Writing to dataset iteratively

gjoseph
Level 2
Writing to dataset iteratively

Got a job that is IO-bound and memory intensive and need to write the result(s) iteratively. The job is essentially parsing data from excel files, filter, aggregate, feature engineering etc.

Source: 1 billion records, results 1.2 million records.

I'm using python recipe with multi-threaded asyncio function on source and the Kubernetes job fails with out of memory error. I'm thinking to write to the dataset iteratively. How do I do that? streaming writer?


Operating system used: Windows 11

0 Kudos
2 Replies
Turribeach

With regards to the memory error in Kubernetes there isn't much I can say with the information you provided other than in general you don't multi-threaded processes in containers. The whole idea of a container is to isolate the processing to the minimum possible and have different containers perform different roles. In other words with containers you don't scale vertically (adding more hardware or running more processes in the same hardware), you do it horizontally by adding more containers which run side by side. Whether these containers are in the same hardware doesn't really matter for you. 

With regards to writing to the dataset iteratively I would suggest you don't do it. First of all Dataiku has no methods to do this parallelly so you have to handle that. Secondly you are likely to get better performance using a different approach. I worked in a project where I had to process millions of XML files.

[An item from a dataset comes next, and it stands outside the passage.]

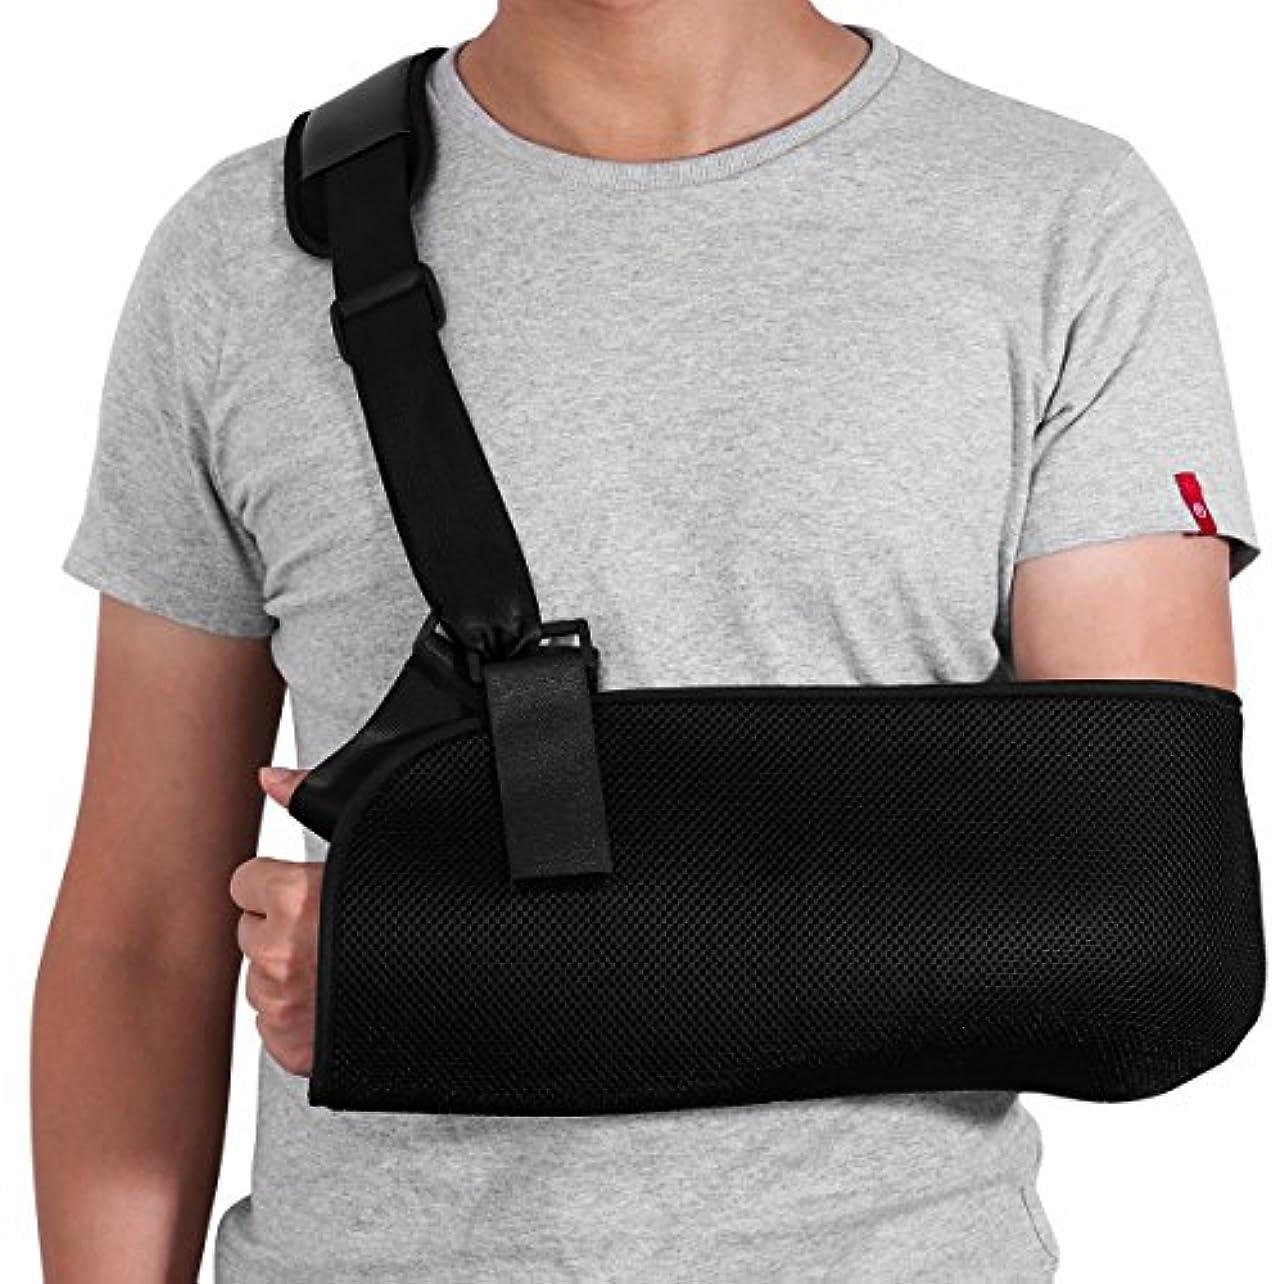 かろうじて匿名サーキュレーションROSENICE アームスリング - 壊れた骨折したアームのためのショルダーイモビライザー - 調節可能なアーム、ショルダーローテーターカフサポートブレース - 涙、脱臼、捻挫およびひずみ

Visual recipes were out of the question since Java (which Dataiku's backend runs on) is very slow for direct file system IO given it's high abstraction. Even Python wasn't up to the job as it can struggle to even deal with hundreds of thousands of files. In the end I ended using Shell script recipes for the initial  uncompressing, filtering and basic processing which would then split the files into 3 different folders for different types of data. Each folder would have a branch in my flow which meant that I was effectively parallelising the load as Dataiku could run the 3 flow branches at the same time. After some Python recipes the 3 branches would then write back the output as CSV files back to a single folder (in effect merging the 3 flow branches back). And finally a single Python recipe would consolidate all the CSV files and write them as a single dataset. This design was very efficient and had great performance. And while you certainly can't match the scability of Kubernetes by using flow branches (as DSS itself has limited resources for jobs and activities) I wanted to mention the last part as you can use it as an idea for your writing to the dataset issue. I would have your containers write separate CSV files to a high IO file system. Then once all your container processing it's done merge back all the CSV files with a single Python recipe and do a single write to the output dataset. Python can handle 1.2m rows fairly easy.

0 Kudos
gjoseph
Level 2
Author

Thank you for your reply @Turribeach 

The winning idea we have is to extract the sheet of interest as parquet filea and use spark to read them super efficiently. This is besides the point of my ask though.

We can parallelize code easily, effectively and successfully hence the ask to write iteratively to a dataset. I want to compare the performance and cost of different approaches ingesting data.

UPDATE: Turns out it wasn't a memory issue but too many execution threads requested.

0 Kudos